▸ PROBLEM TO WORK ON
Begin at the line that holds "Best Star Wars" and retype every line through the end of the material, both included. Leave out the pictures.

▸ DATA SHOWN
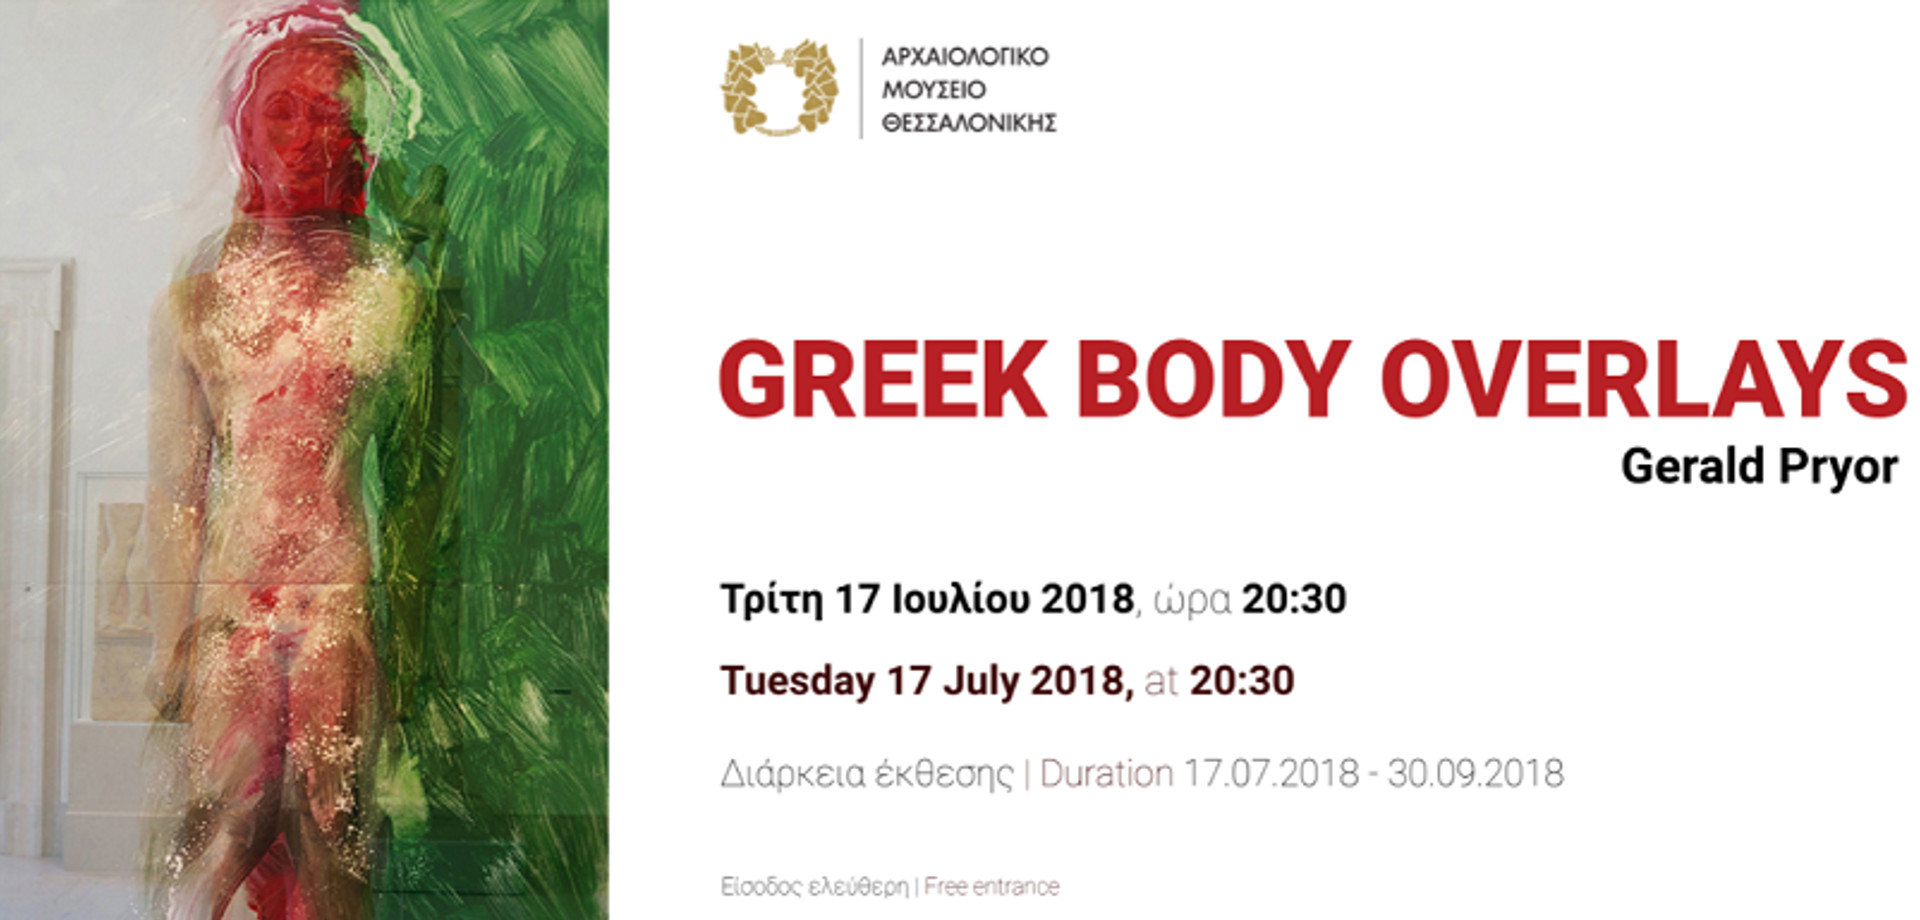 greek body overlays
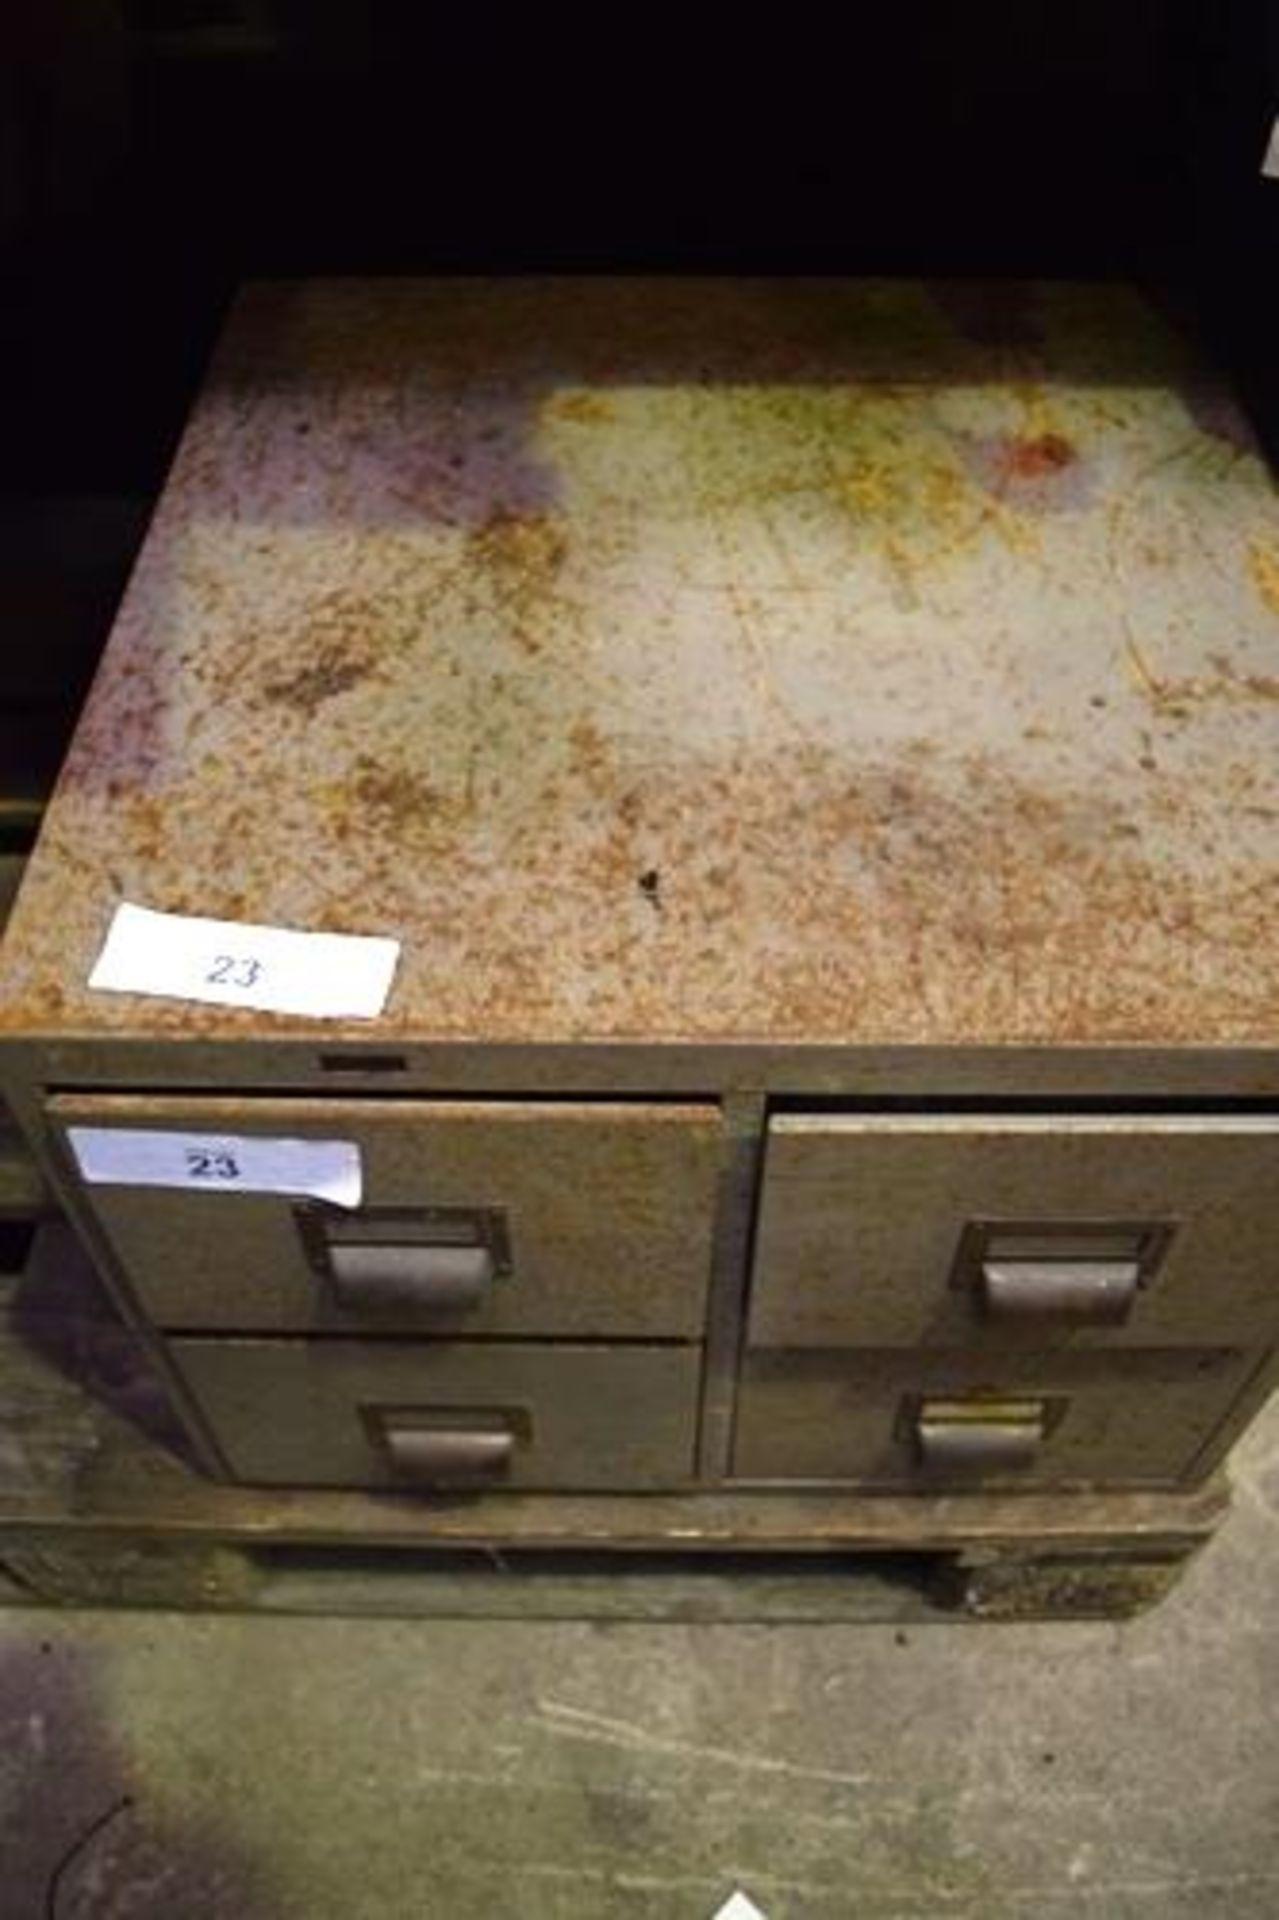 Lot 23 - Grey steel 4 drawer filing system, 50cm(W) x 50cm(D) X 40cm(H) - Second-hand (GS14)
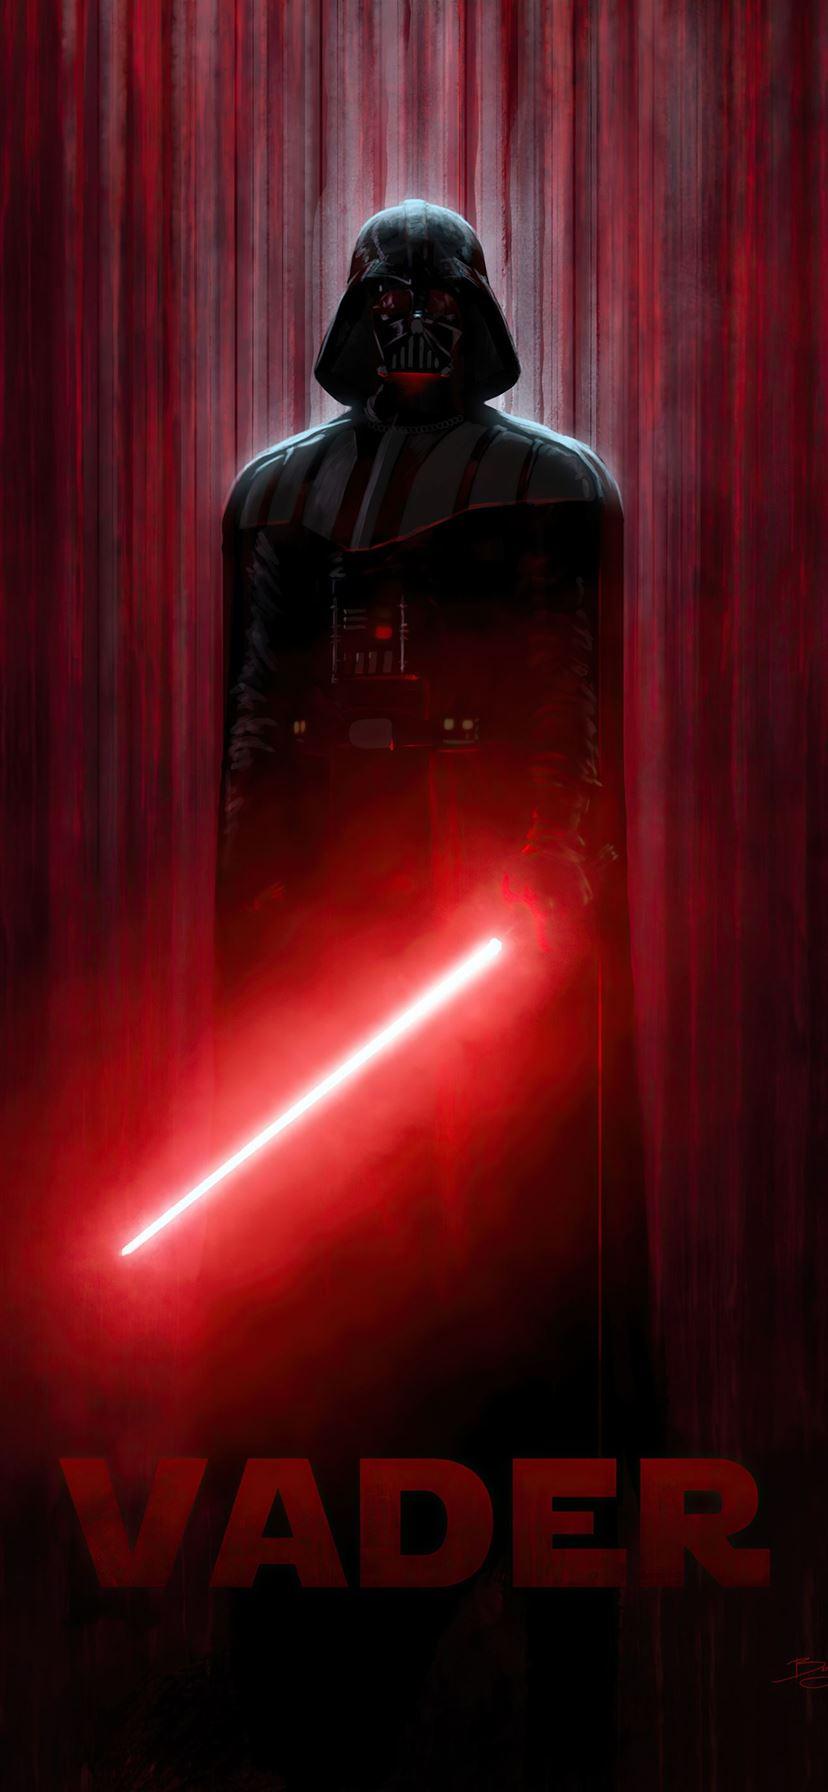 Best Star Wars Iphone 11 Hd Wallpapers Ilikewallpaper
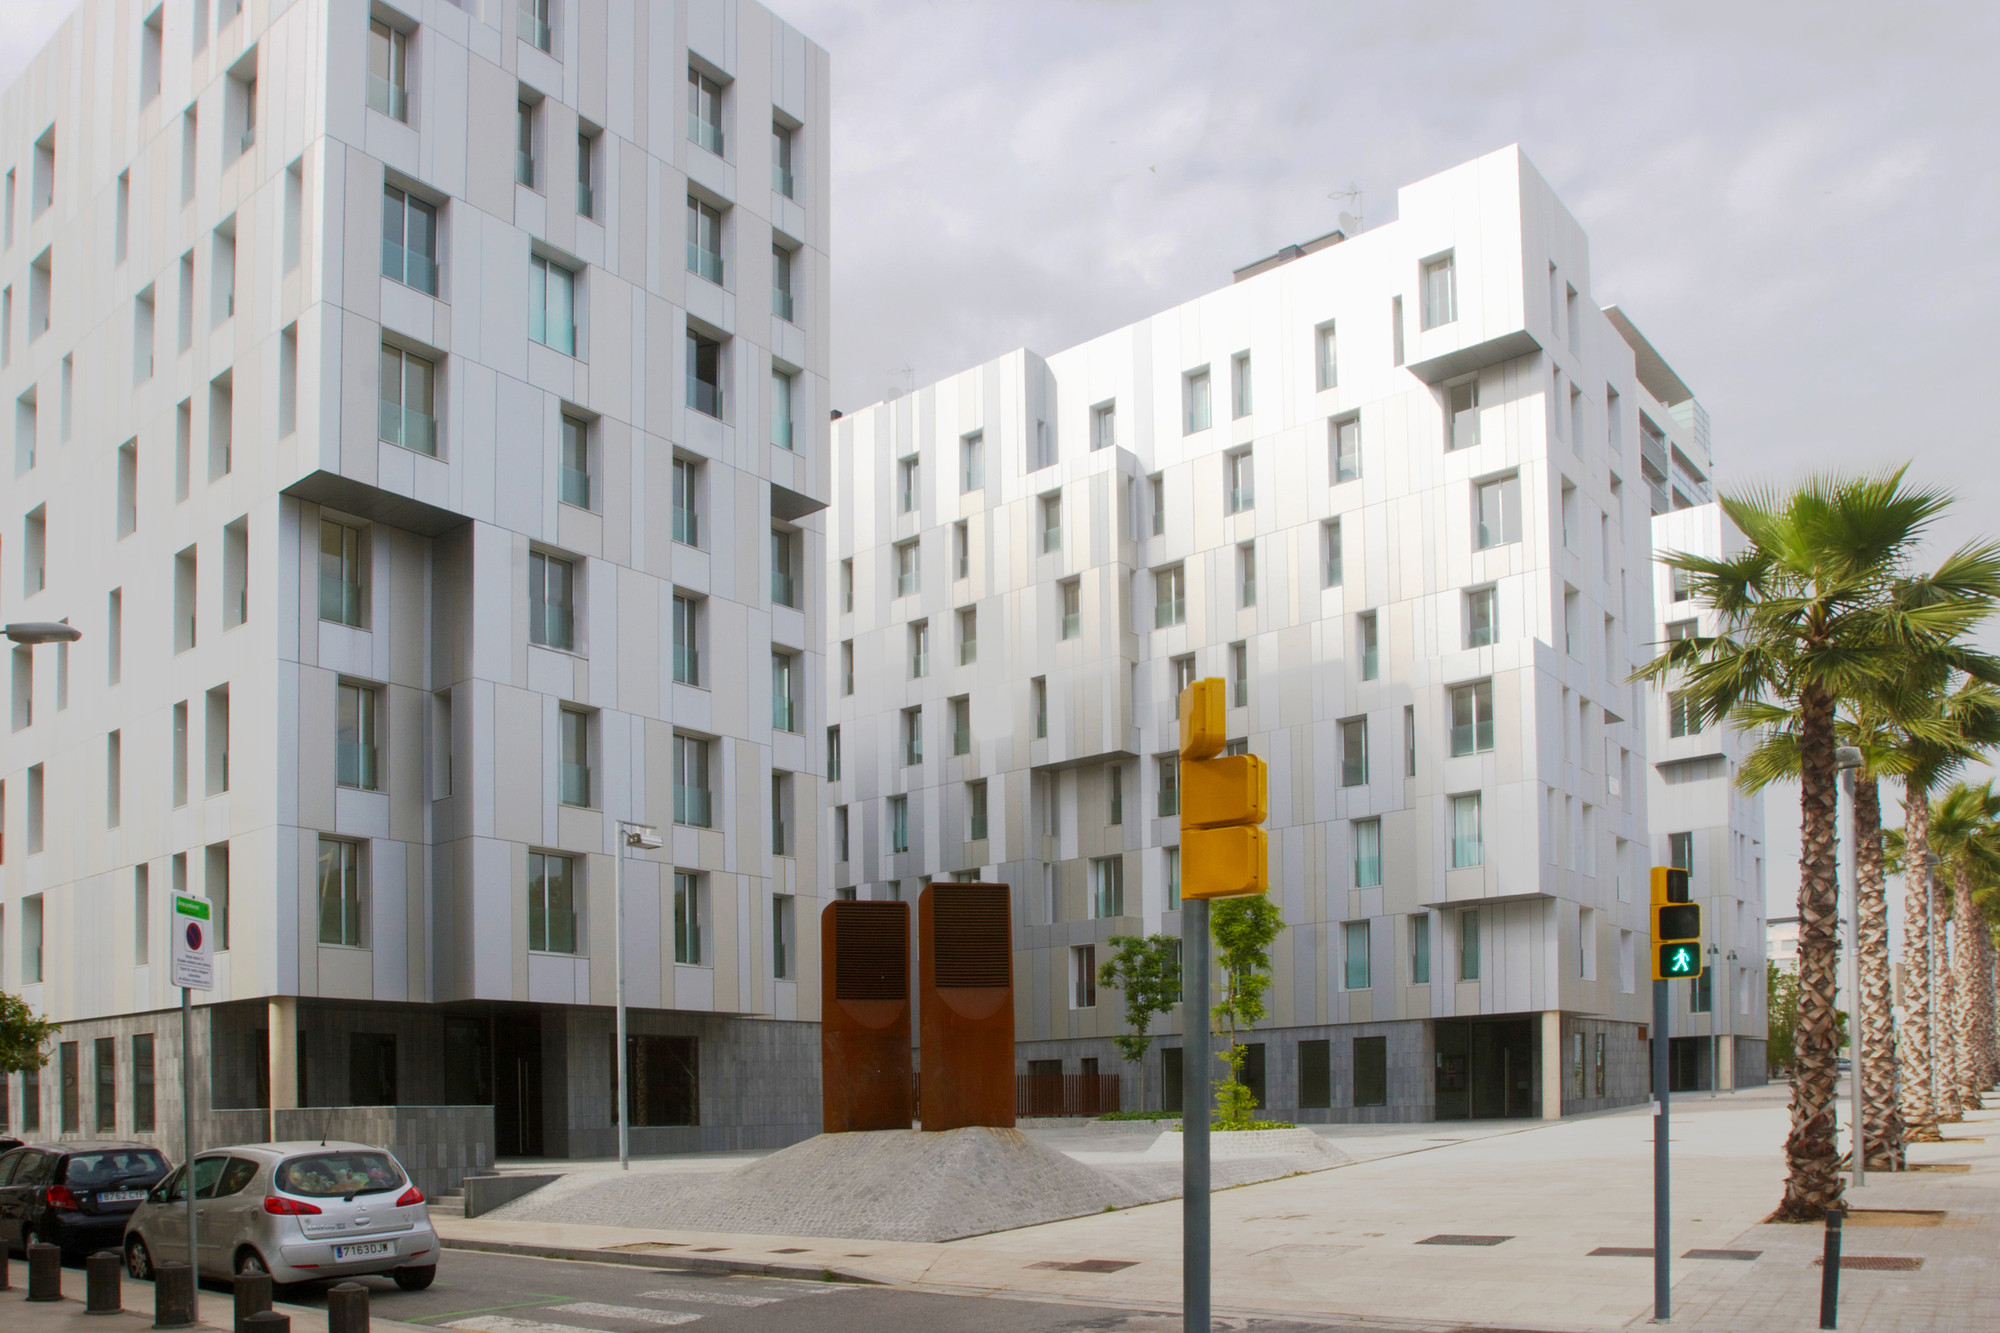 Triton Building / Saeta Estudi + Lluís Cantallops  + Juan Domingo, Courtesy of Saeta estudi

▸ TASK RESULT
 Best Star Wars Iphone 11 Hd Wallpapers Ilikewallpaper
 Triton Building / Saeta Estudi + Lluís Cantallops  + Juan Domingo, Courtesy of Saeta estudi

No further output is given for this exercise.